The applications of image-based VPH/physiome models in basic and clinical domains are vast. Broadly speaking, they promise to become new virtual imaging techniques. Effectively more, often non-observable, parameters will be imaged in silico based on the integration of observable but sometimes sparse and inconsistent multimodal images and physiological measurements. Computational models will serve to engender interpretation of the measurements in a way compliant with the underlying biophysical, biochemical or biological laws of the physiological or pathophysiological processes under investigation. Ultimately, such investigative tools and systems will help our understanding of disease processes, the natural history of disease evolution, and the influence on the course of a disease of pharmacological and/or interventional therapeutic procedures.

Cross-fertilization between imaging and modelling goes beyond interpretation of measurements in a way consistent with physiology. Image-based patient-specific modelling, combined with models of medical devices and pharmacological therapies, opens the way to predictive imaging whereby one will be able to understand, plan and optimize such interventions in silico.

Mathematical methods in medical imaging

[edit]

A number of sophisticated mathematical methods have entered medical imaging, and have already been implemented in various software packages. These include approaches based on partial differential equations (PDEs) and curvature driven flows for enhancement, segmentation, and registration. Since they employ PDEs, the methods are amenable to parallelization and implementation on GPGPUs. A number of these techniques have been inspired from ideas in optimal control. Accordingly, very recently ideas from control have recently made their way into interactive methods, especially segmentation. Moreover, because of noise and the need for statistical estimation techniques for more dynamically changing imagery, the Kalman filter[56] and particle filter have come into use. A survey of these methods with an extensive list of references may be found in.[57]

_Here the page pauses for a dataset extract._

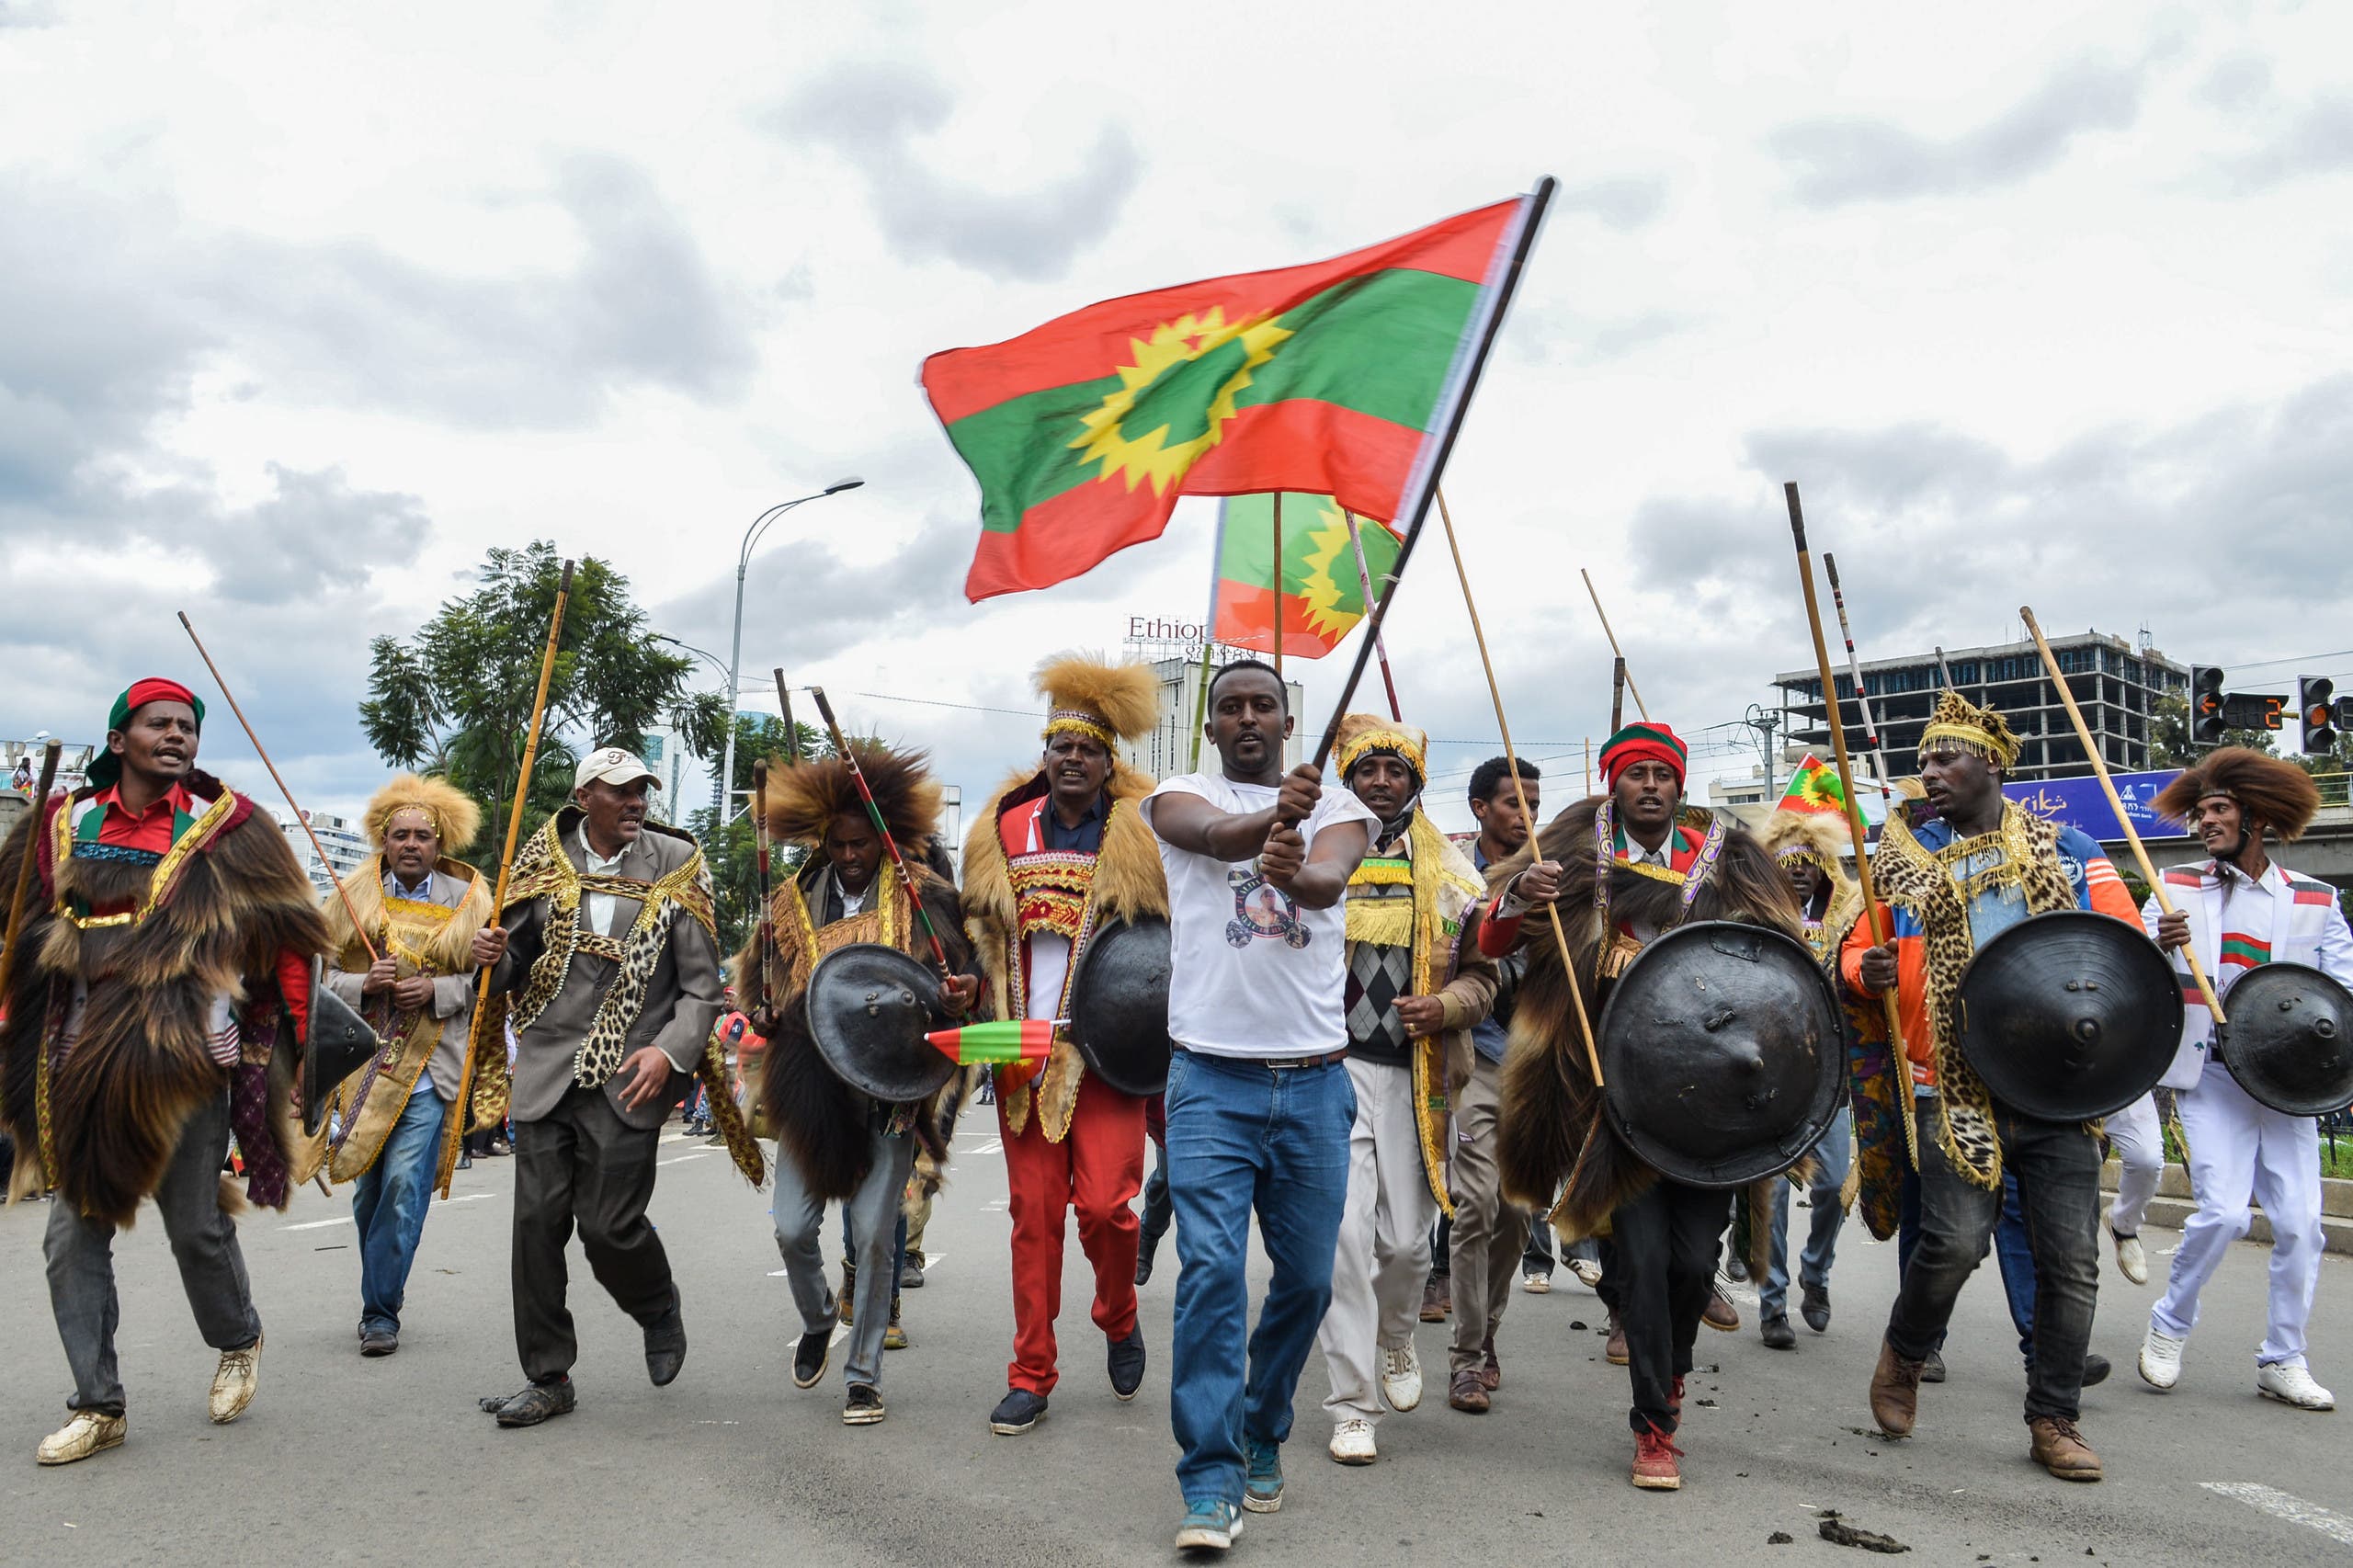 أنصار جبهة تحرير أورومو يحتفلون بعودة قائدهم من المنفى في سبتمبر 2018 في أديس أبابا

Modality-specific computing

[edit]

Some imaging modalities provide very specialized information. The resulting images cannot be treated as regular scalar images and give rise to new sub-areas of medical image computing. Examples include diffusion MRI and functional MRI.

Diffusion MRI

[edit]
A mid-axial slice of the ICBM diffusion tensor image template. Each voxel's value is a tensor represented here by an ellipsoid. Color denotes principal orientation: red = left-right, blue=inferior-superior, green = posterior-anterior

Diffusion MRI is a structural magnetic resonance imaging modality that allows measurement of the diffusion process of molecules. Diffusion is measured by applying a gradient pulse to a magnetic field along a particular direction. In a typical acquisition, a set of uniformly distributed gradient directions is used to create a set of diffusion weighted volumes. In addition, an unweighted volume is acquired under the same magnetic field without application of a gradient pulse. As each acquisition is associated with multiple volumes, diffusion MRI has created a variety of unique challenges in medical image computing.

In medicine, there are two major computational goals in diffusion MRI:

  • Estimation of local tissue properties, such as diffusivity;
  • Estimation of local directions and global pathways of diffusion.

The diffusion tensor,[58] a 3 × 3 symmetric positive-definite matrix, offers a straightforward solution to both of these goals. It is proportional to the covariance matrix of a Normally distributed local diffusion profile and, thus, the dominant eigenvector of this matrix is the principal direction of local diffusion. Due to the simplicity of this model, a maximum likelihood estimate of the diffusion tensor can be found by simply solving a system of linear equations at each location independently. However, as the volume is assumed to contain contiguous tissue fibers, it may be preferable to estimate the volume of diffusion tensors in its entirety by imposing regularity conditions on the underlying field of tensors.[59] Scalar values can be extracted from the diffusion tensor, such as the fractional anisotropy, mean, axial and radial diffusivities, which indirectly measure tissue properties such as the dysmyelination of axonal fibers [60] or the presence of edema.[61] Standard scalar image computing methods, such as registration and segmentation, can be applied directly to volumes of such scalar values. However, to fully exploit the information in the diffusion tensor, these methods have been adapted to account for tensor valued volumes when performing registration [62][63] and segmentation.[64][65]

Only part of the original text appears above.